1) Mechanical failures: The theory behind automated trading makes it seem simple: set up the software, program the rules, and watch it trade. In reality, however, automated trading is a sophisticated method of trading, yet it is not infallible. Depending on the trading platform, a trade order could reside on a computer and not a server.
What that means is that if an Internet connection is lost, an order might not be sent to the market. There could also be a discrepancy between the theoretical trades generated by the strategy and the order entry platform component that turns them into real trades. Most traders should expect a learning curve when using automated trading systems and it is generally a good idea to start with small trade sizes while the process is refined.
2) You Still Need to Monitor Trades: Although it would be great to turn on the computer and leave for the day, automated trading systems do require monitoring. This is due do the potential for mechanical failures, such as connectivity issues, power losses, or computer crashes, and to system quirks.
It is possible for an automated trading system to experience anomalies that could result in errant orders, missing orders, or duplicate orders. If the system is monitored, these events can be identified and resolved quickly.
3) Over-optimization: Though not specific to automated trading systems, traders who employ backtesting techniques can create systems that look great on paper and perform terribly in a live market. Over-optimization refers to excessive curve-fitting that produces a trading plan that is unreliable in live trading.
It is possible, for example, to tweak a strategy to achieve exceptional results on the historical data on which it was tested. Traders sometimes incorrectly assume that a trading plan should have close to 100% profitable trades or should never experience a drawdown to be a viable plan. As such, parameters can be adjusted to create a near-perfect plan that completely fails as soon as it is applied to a live market.
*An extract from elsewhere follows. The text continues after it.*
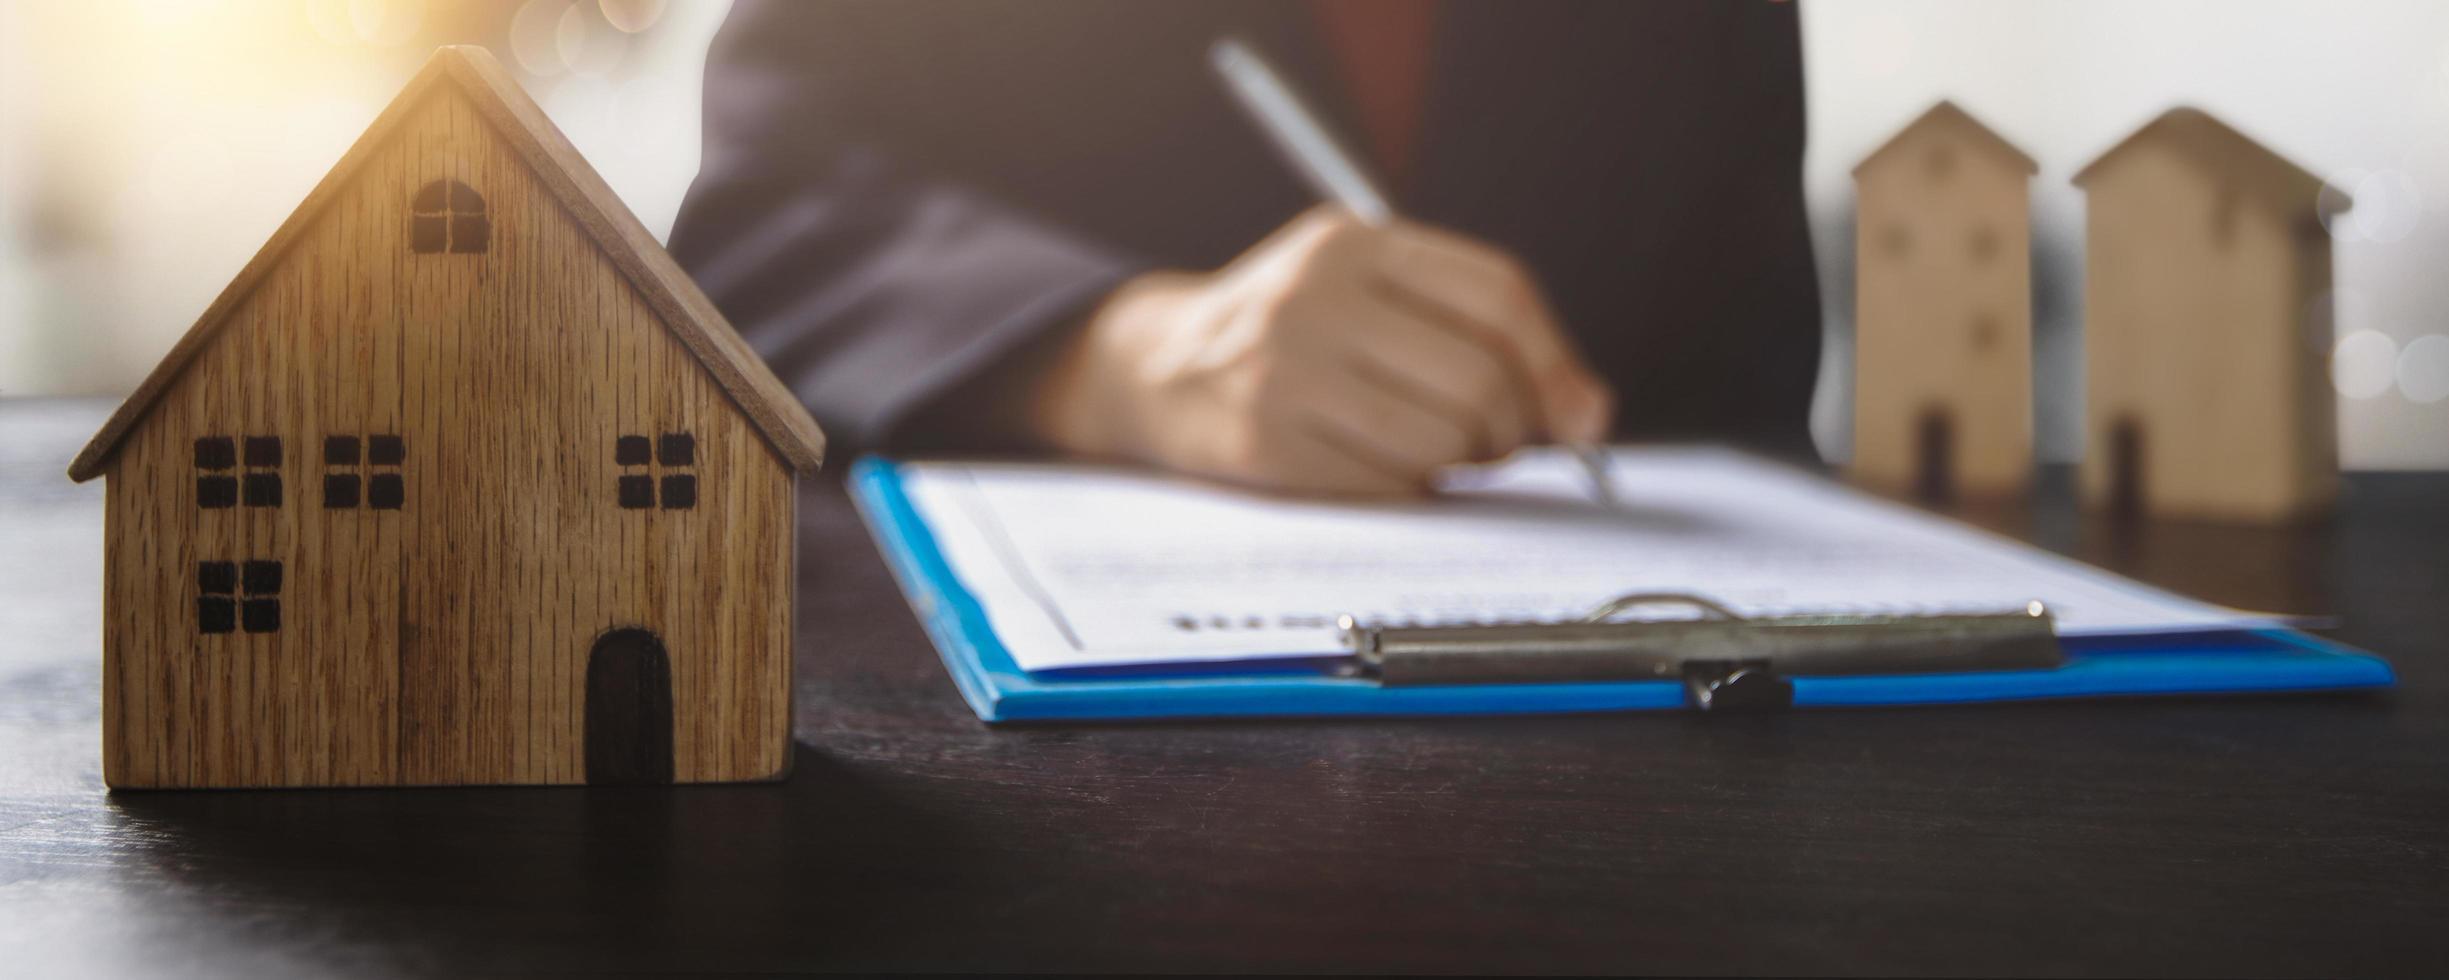 husägare underteckna inteckningskontrakt foto

Traders do have the option to run their automated trading systems through a server-based trading platform such as Strategy Runner. These platforms frequently offer commercial strategies for sale, a wizard so traders can design their own systems or the ability to host existing systems on the server-based platform. For a fee, the automated trading system can scan for, execute, and monitor trades with all orders residing on their server, thus resulting in potentially faster, more reliable order entries.
Although appealing for a variety of factors, automated trading systems should not be considered a substitute for carefully executed trading. Mechanical failures can happen, and as such, these systems do require monitoring. Server-based platforms may provide a solution for traders wishing to minimize the risks of mechanical failures.